[[ Data section, beginning ]]

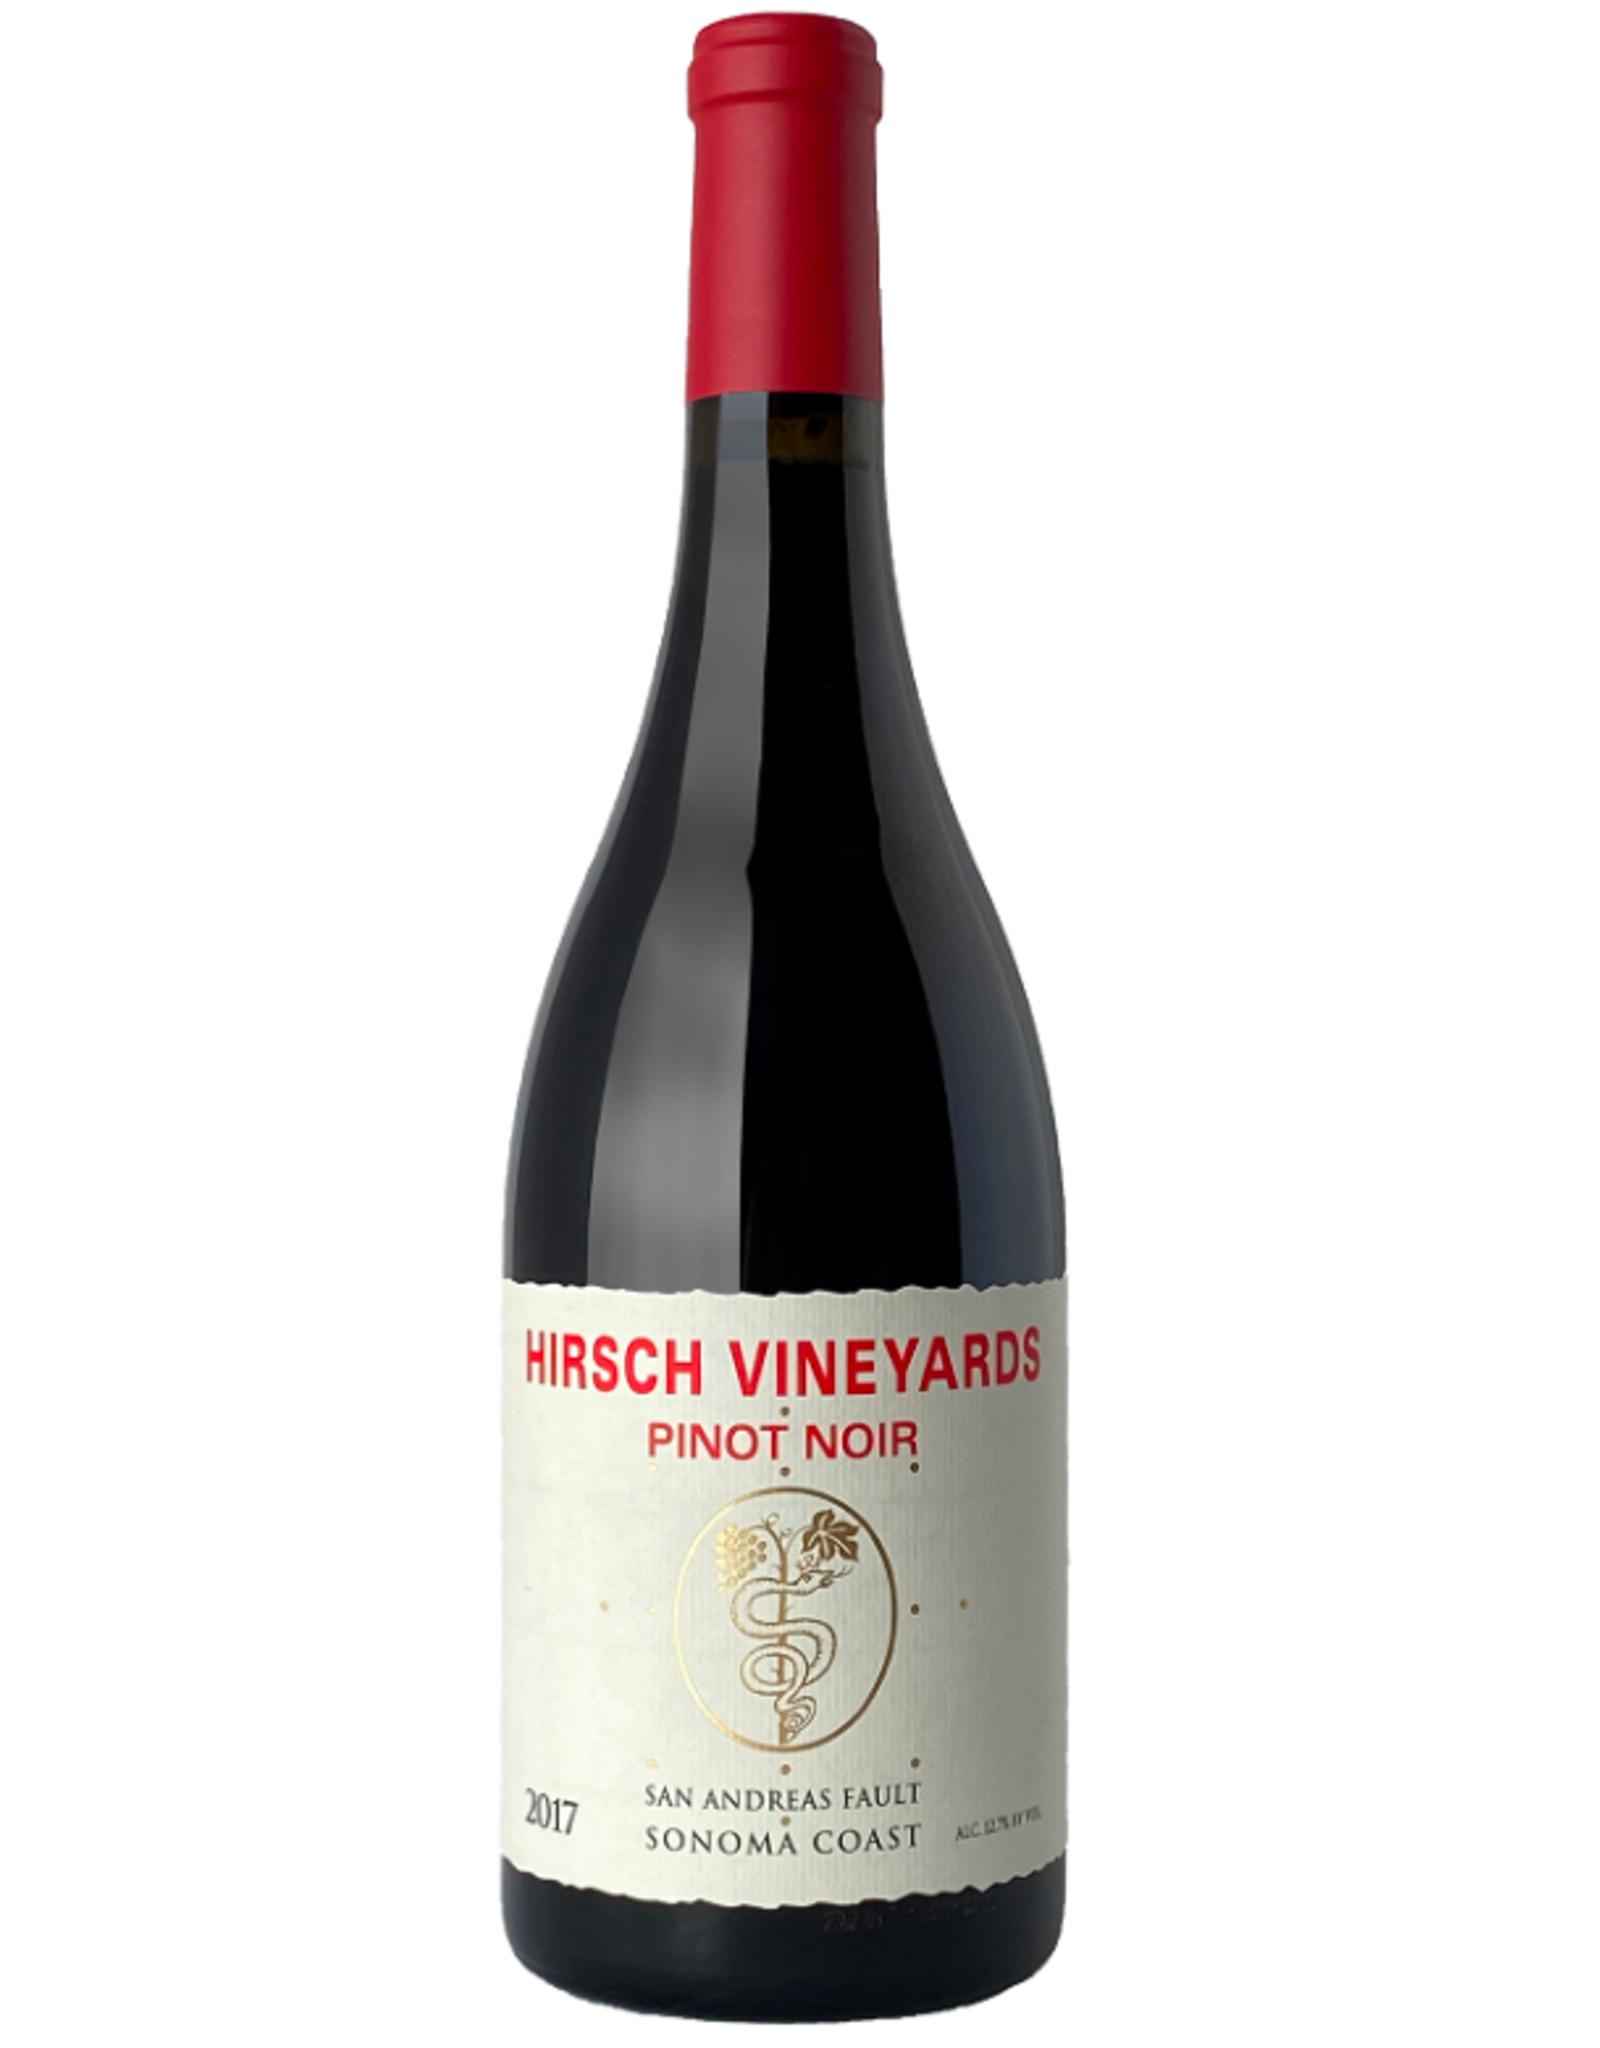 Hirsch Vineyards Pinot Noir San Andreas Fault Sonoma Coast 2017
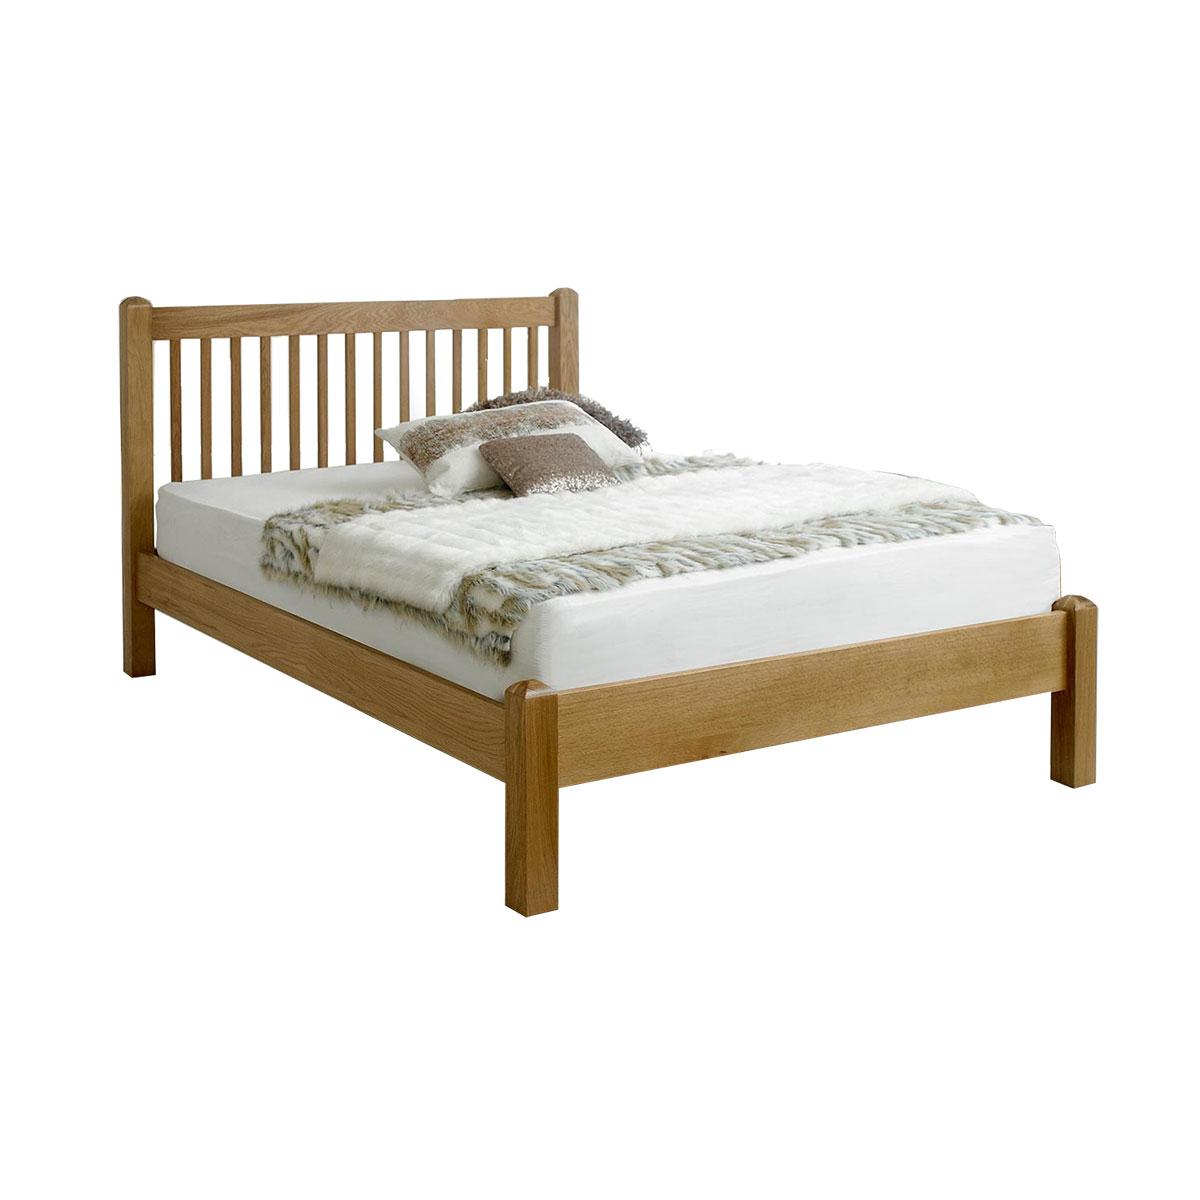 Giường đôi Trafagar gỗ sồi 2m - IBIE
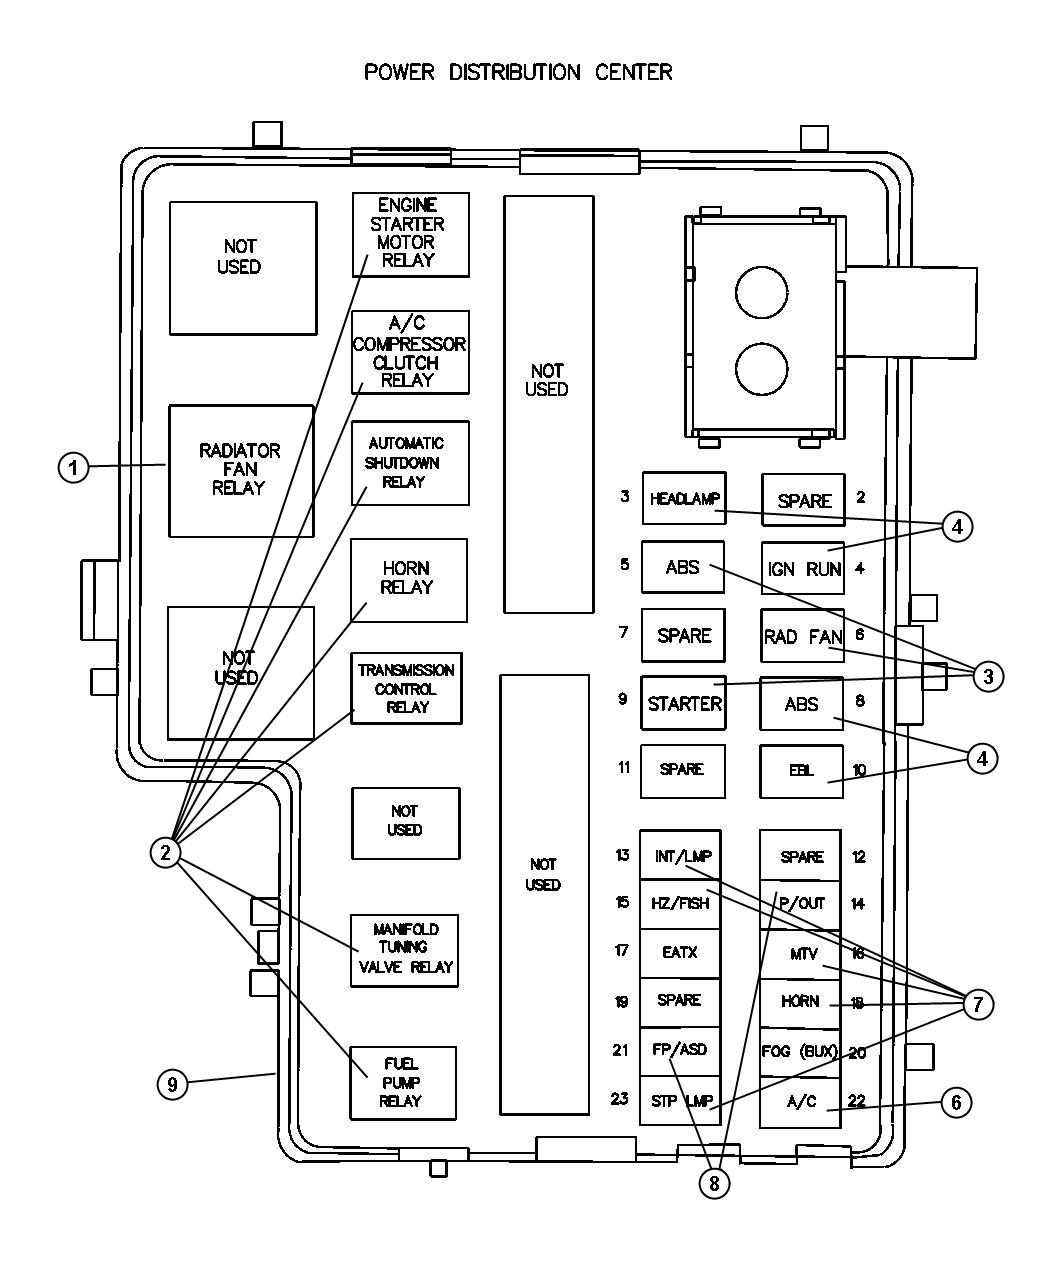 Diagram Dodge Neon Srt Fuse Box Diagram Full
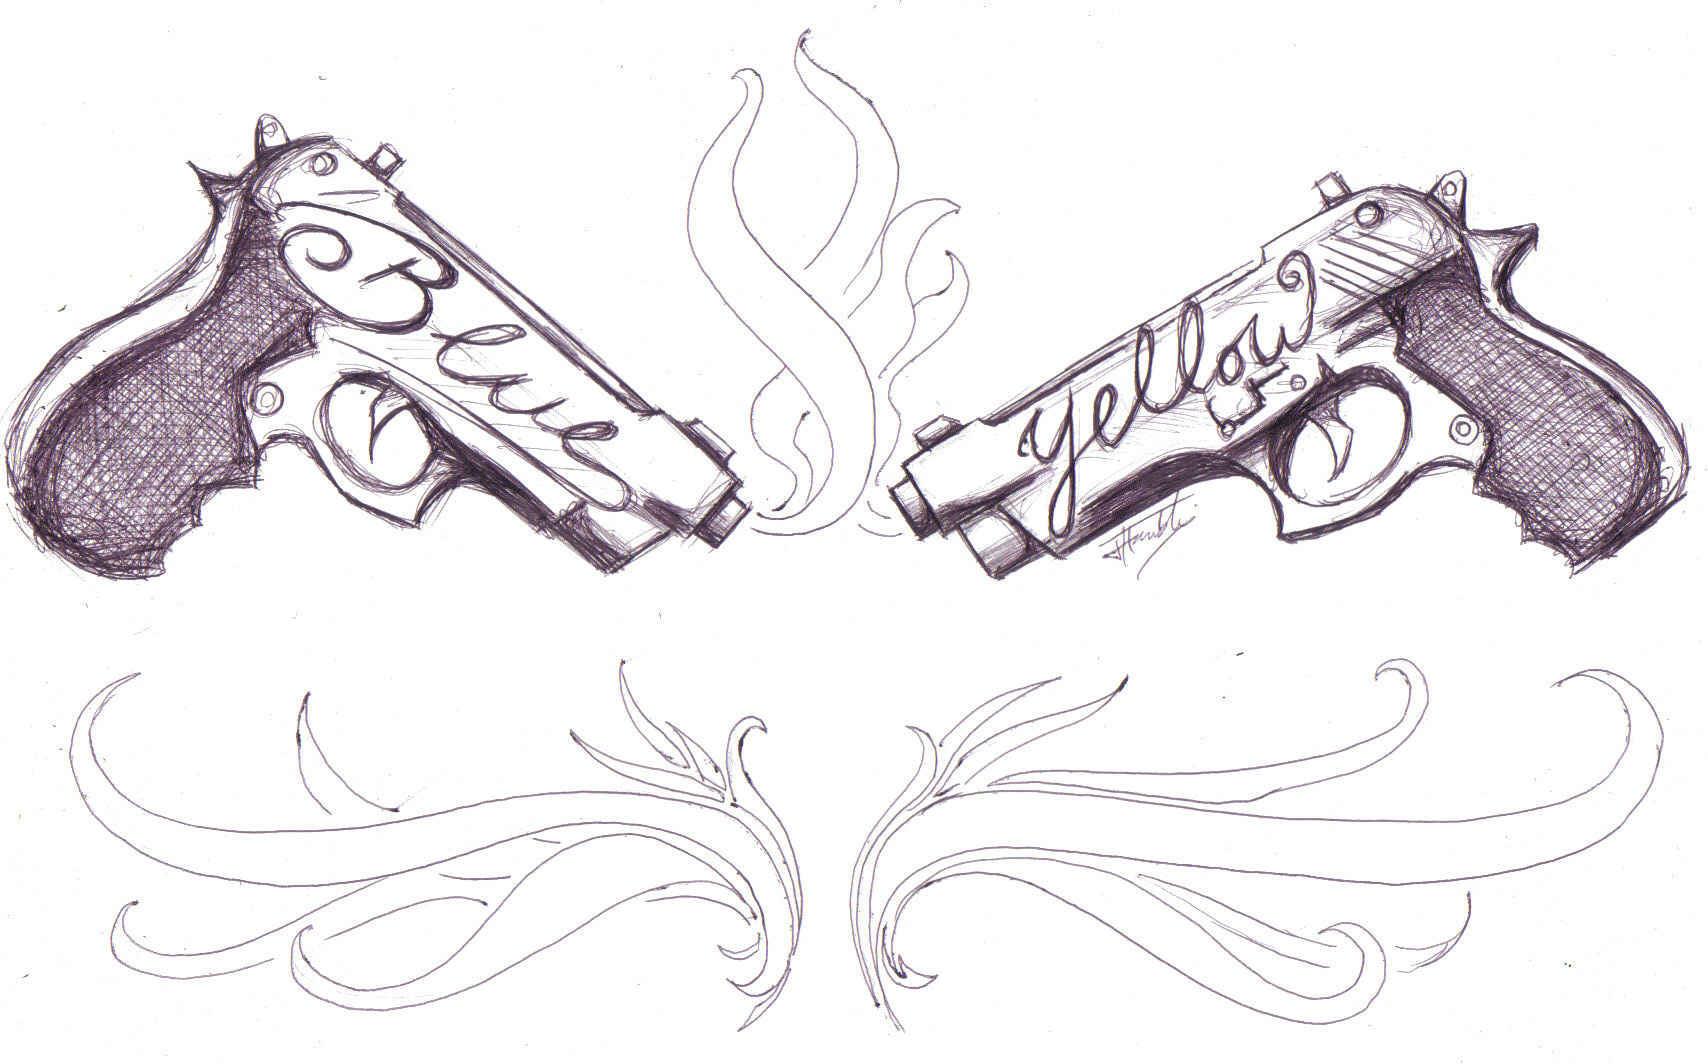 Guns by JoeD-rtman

[[ Data section, end ]]

Your answer must contain the full data, repeated exactly, without pictures.

 Hirsch Vineyards Pinot Noir San Andreas Fault Sonoma Coast 2017
 Giường đôi Trafagar gỗ sồi 2m - IBIE
 Diagram Dodge Neon Srt Fuse Box Diagram Full
 Guns by JoeD-rtman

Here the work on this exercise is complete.